> The task
No line before the one holding "Avengers: Avengers Infinity" is to be copied; that line and all after it, through the end of the listing, are returned exactly, minus pictures.

> Data provided

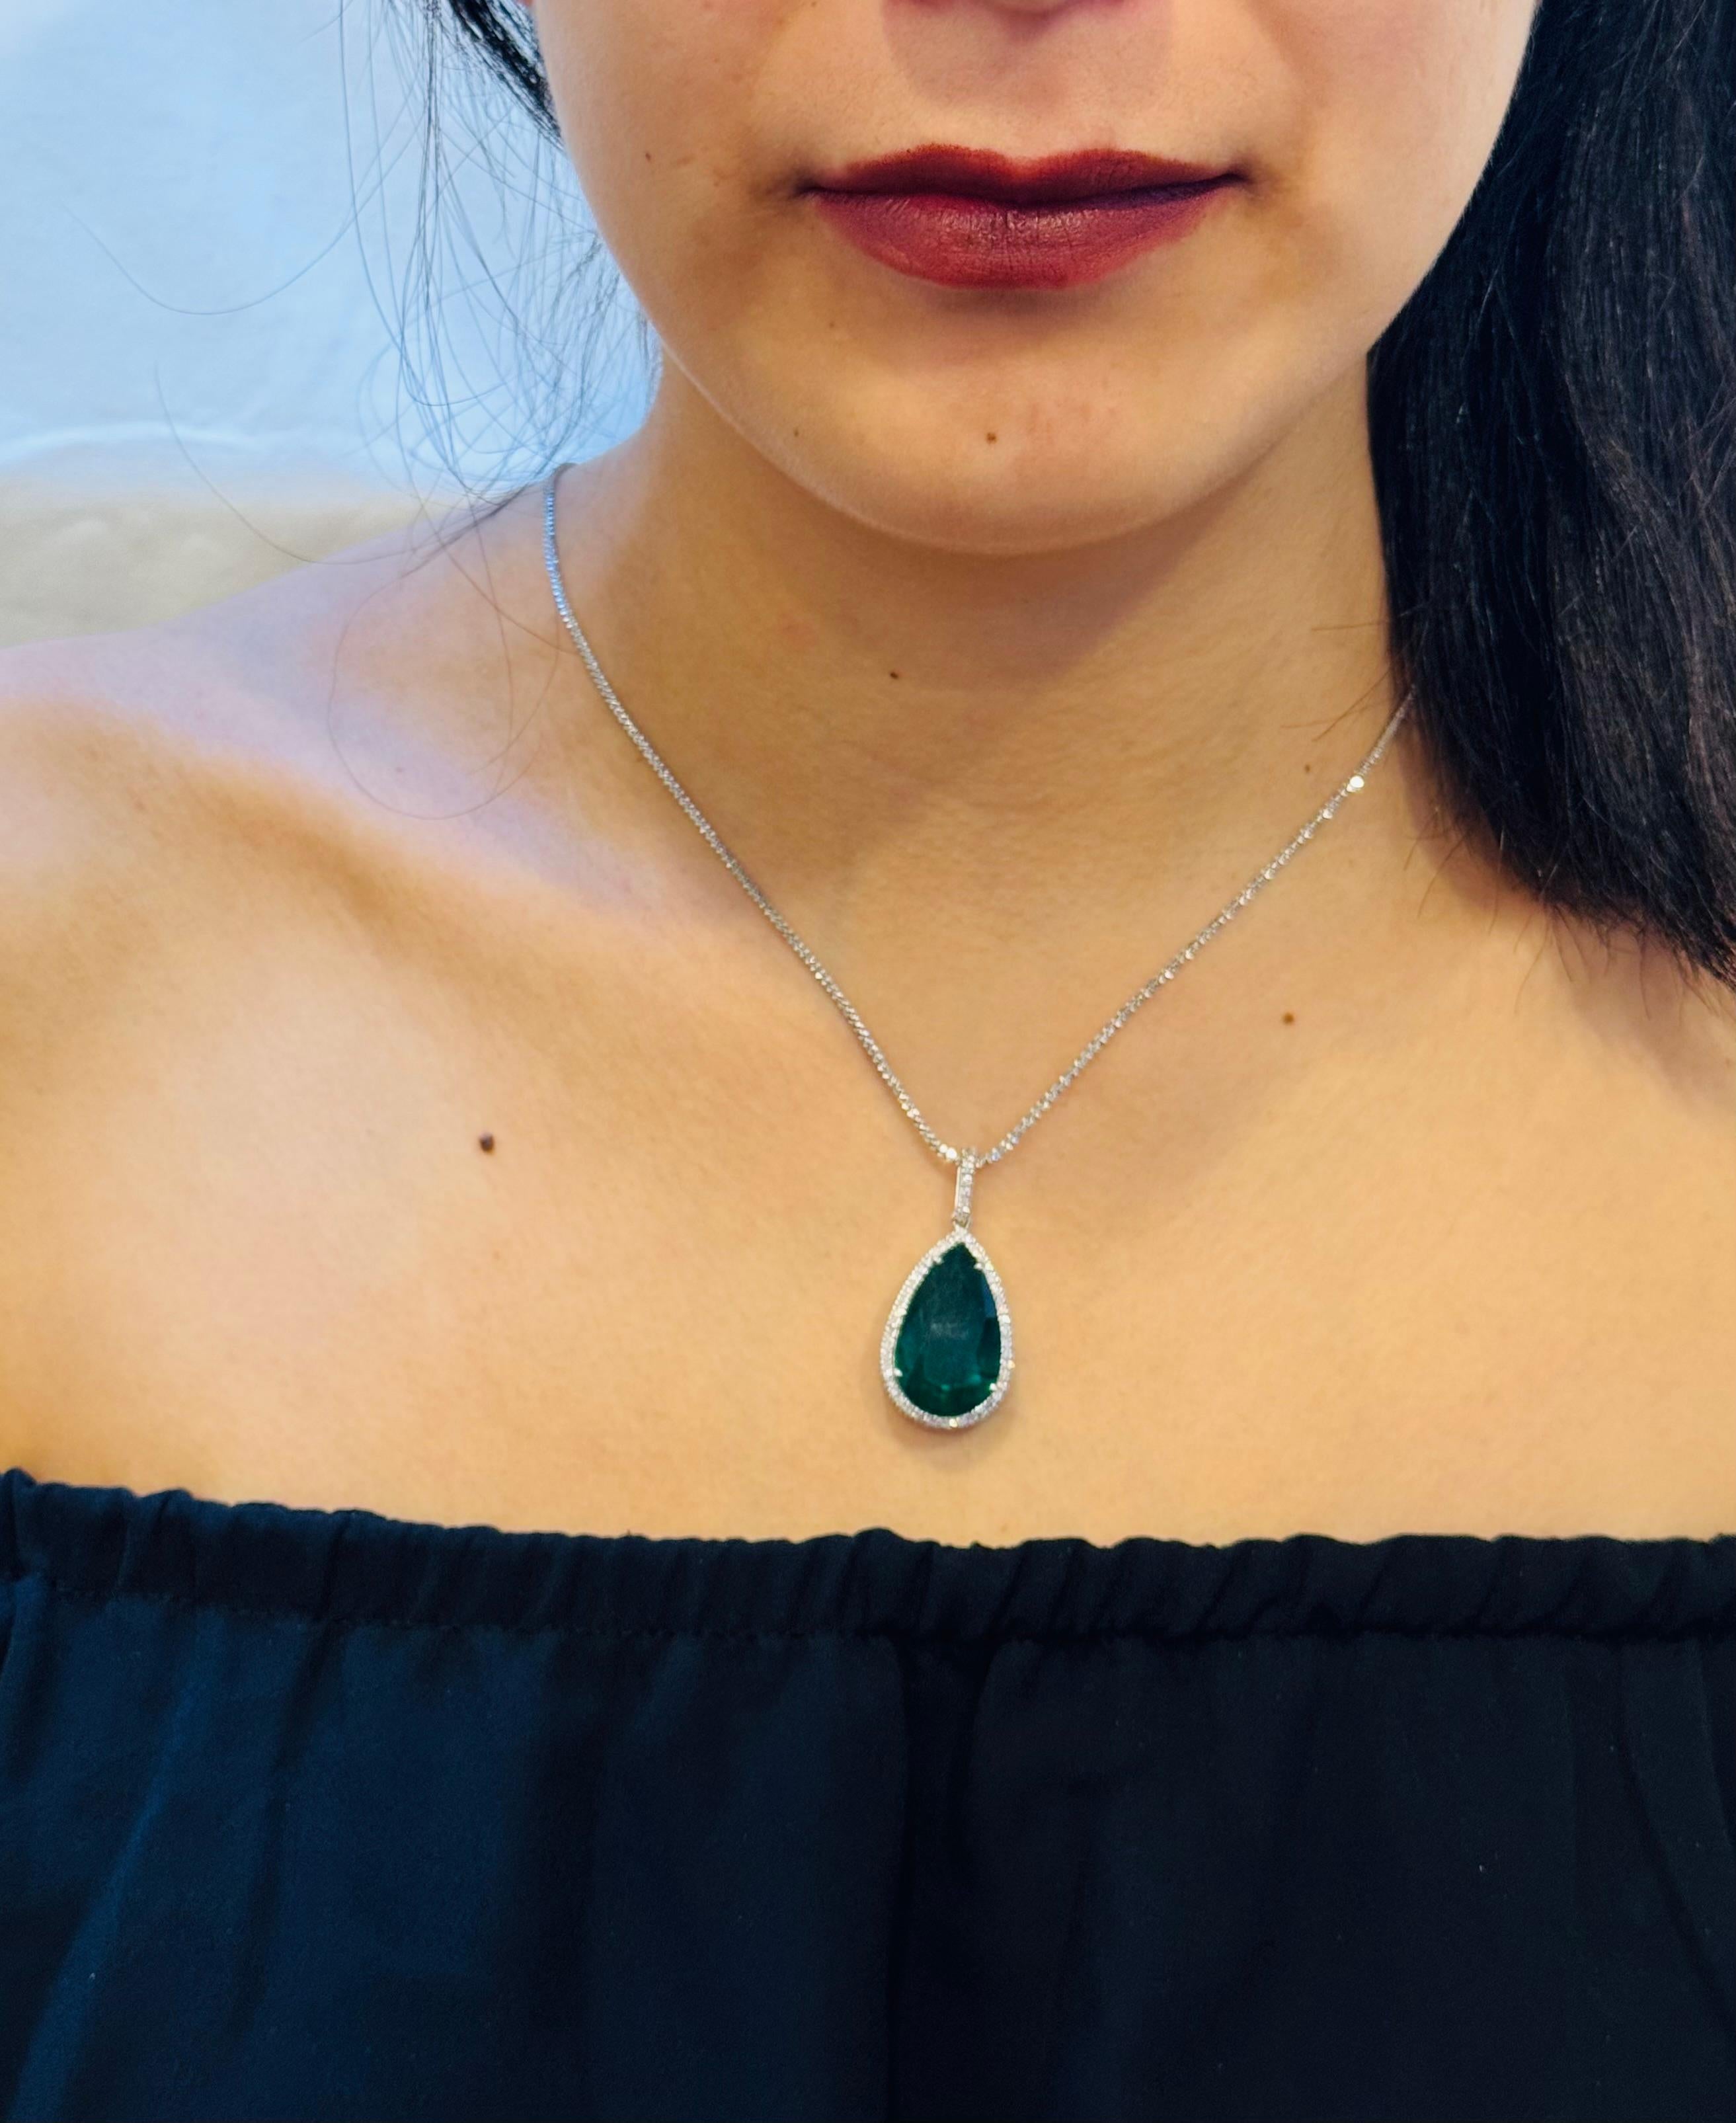 19 Ct Pear Cut Emerald & 1 Ct Diamond Halo Pendent/Necklace 14 KW Gold Chain For Sale 15
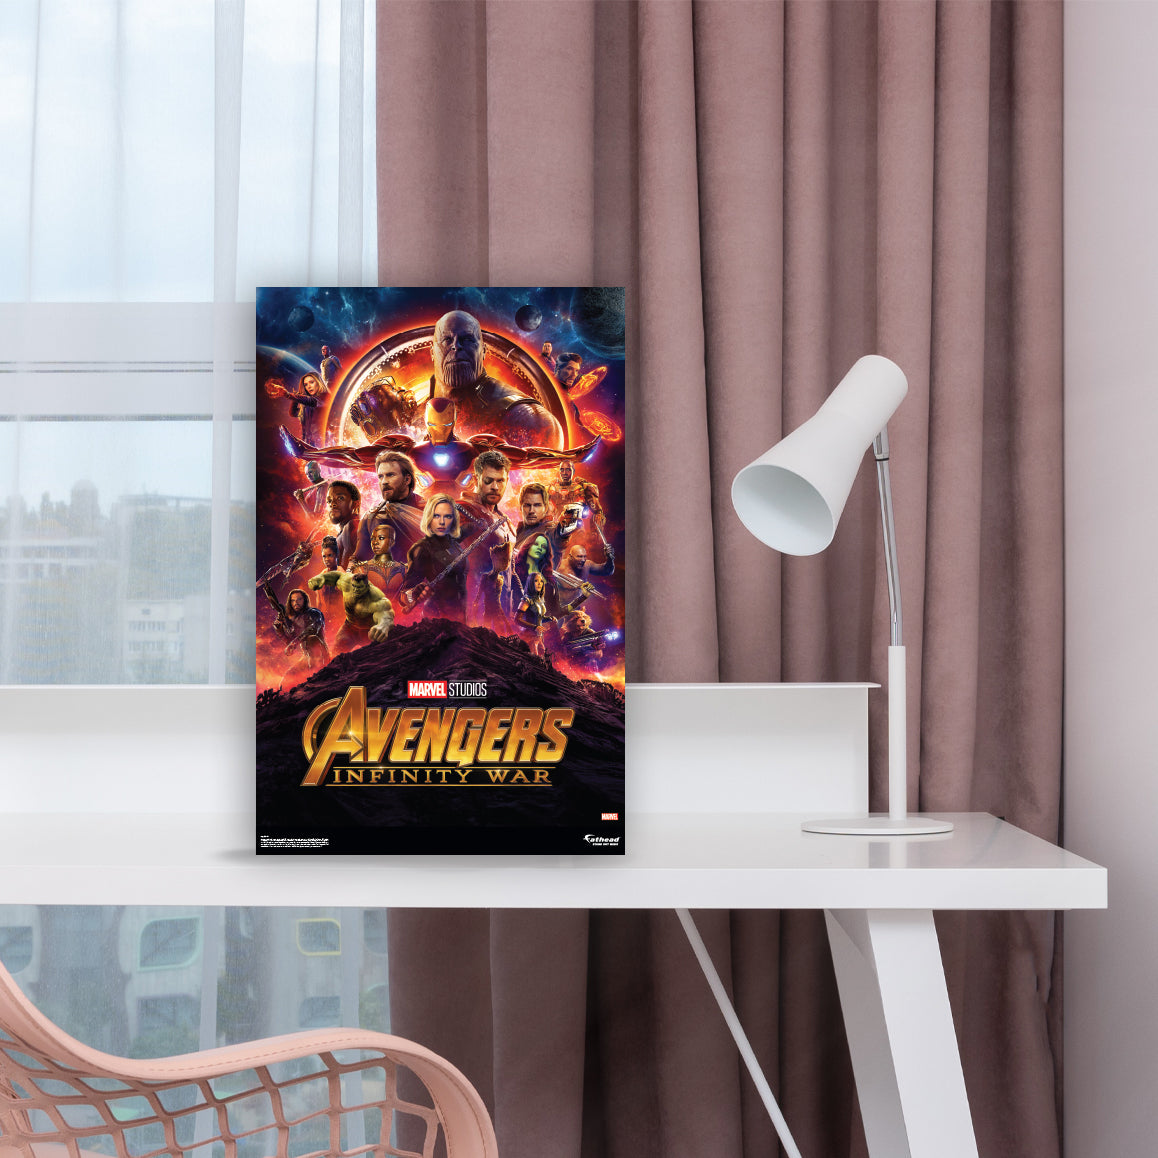 Avengers: Avengers Infinity War Poster  Mini   Cardstock Cutout  - Officially Licensed Marvel    Stand Out
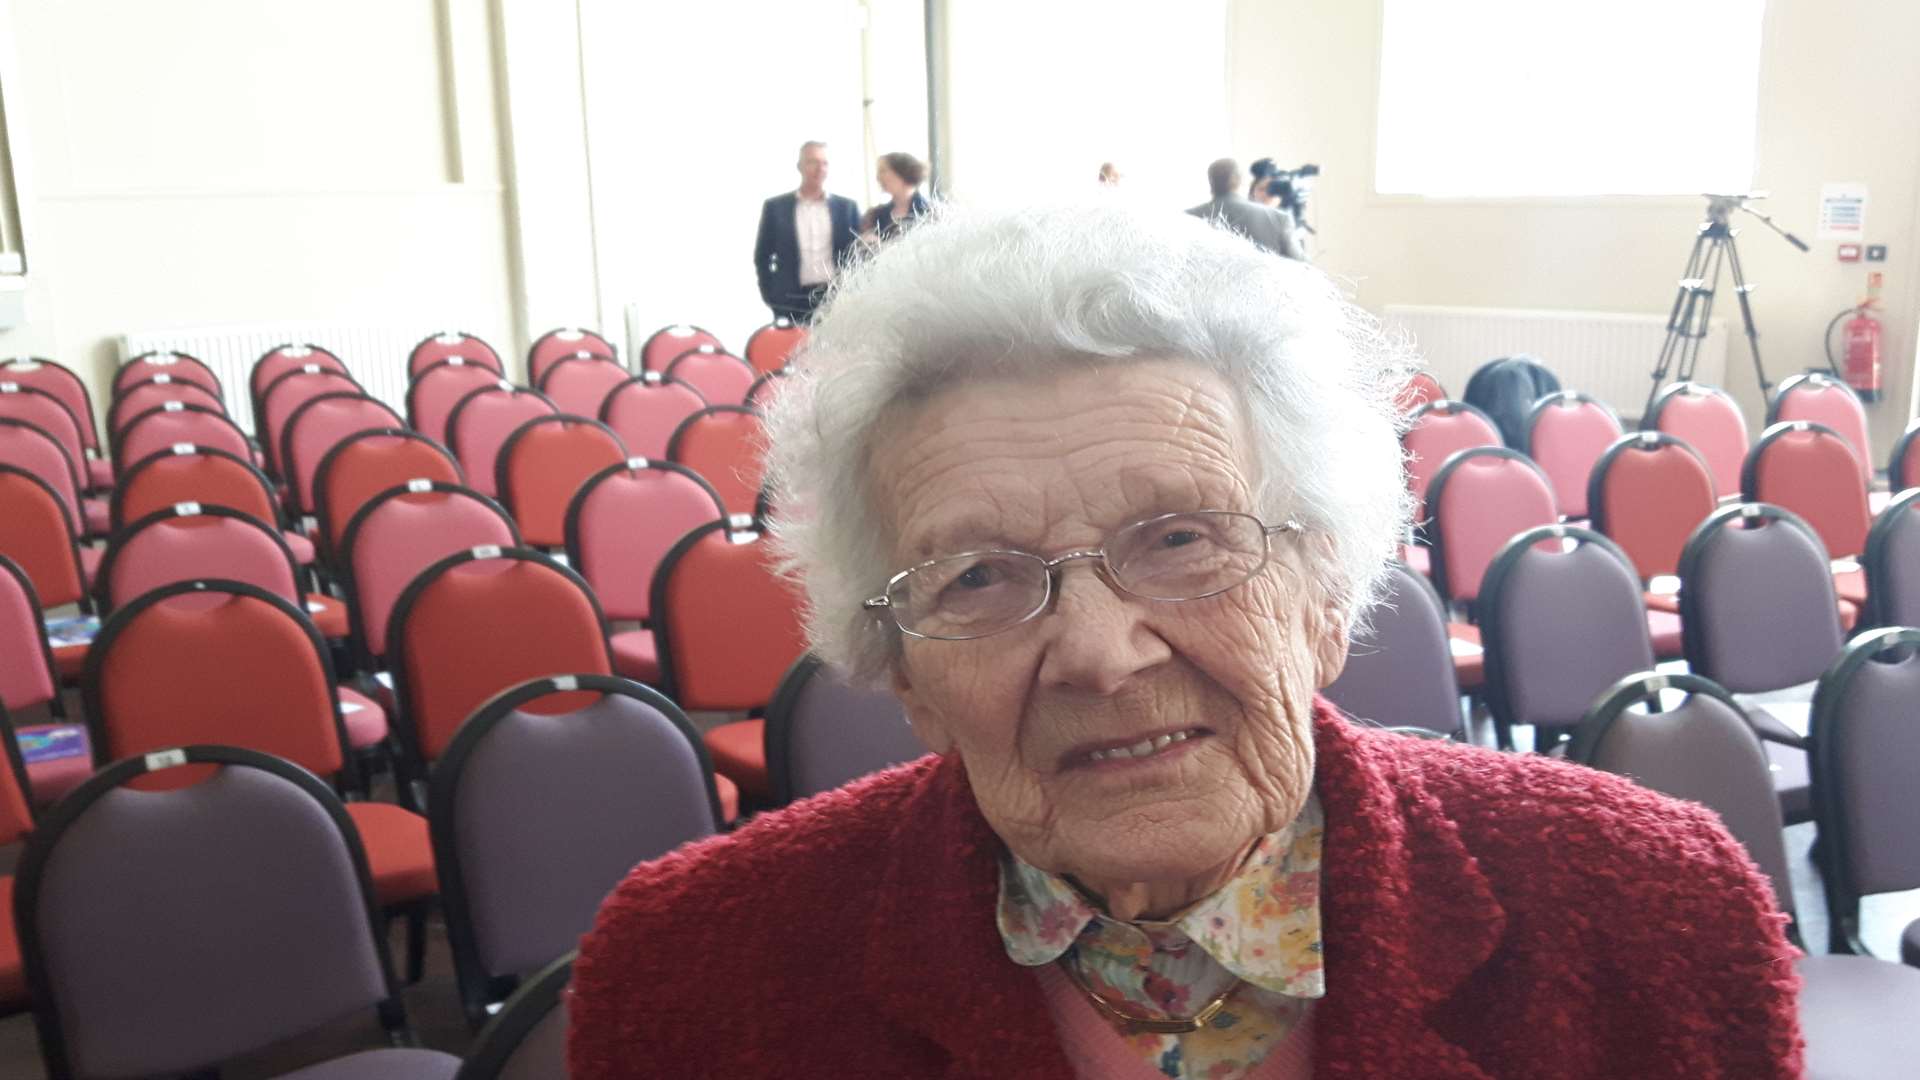 Marjorie Lyle, 91, at the end of the public health services meeting in Canterbury.

> Solution to this problem
 Avengers: Avengers Infinity War Poster  Mini   Cardstock Cutout  - Officially Licensed Marvel    Stand Out
 Marjorie Lyle, 91, at the end of the public health services meeting in Canterbury.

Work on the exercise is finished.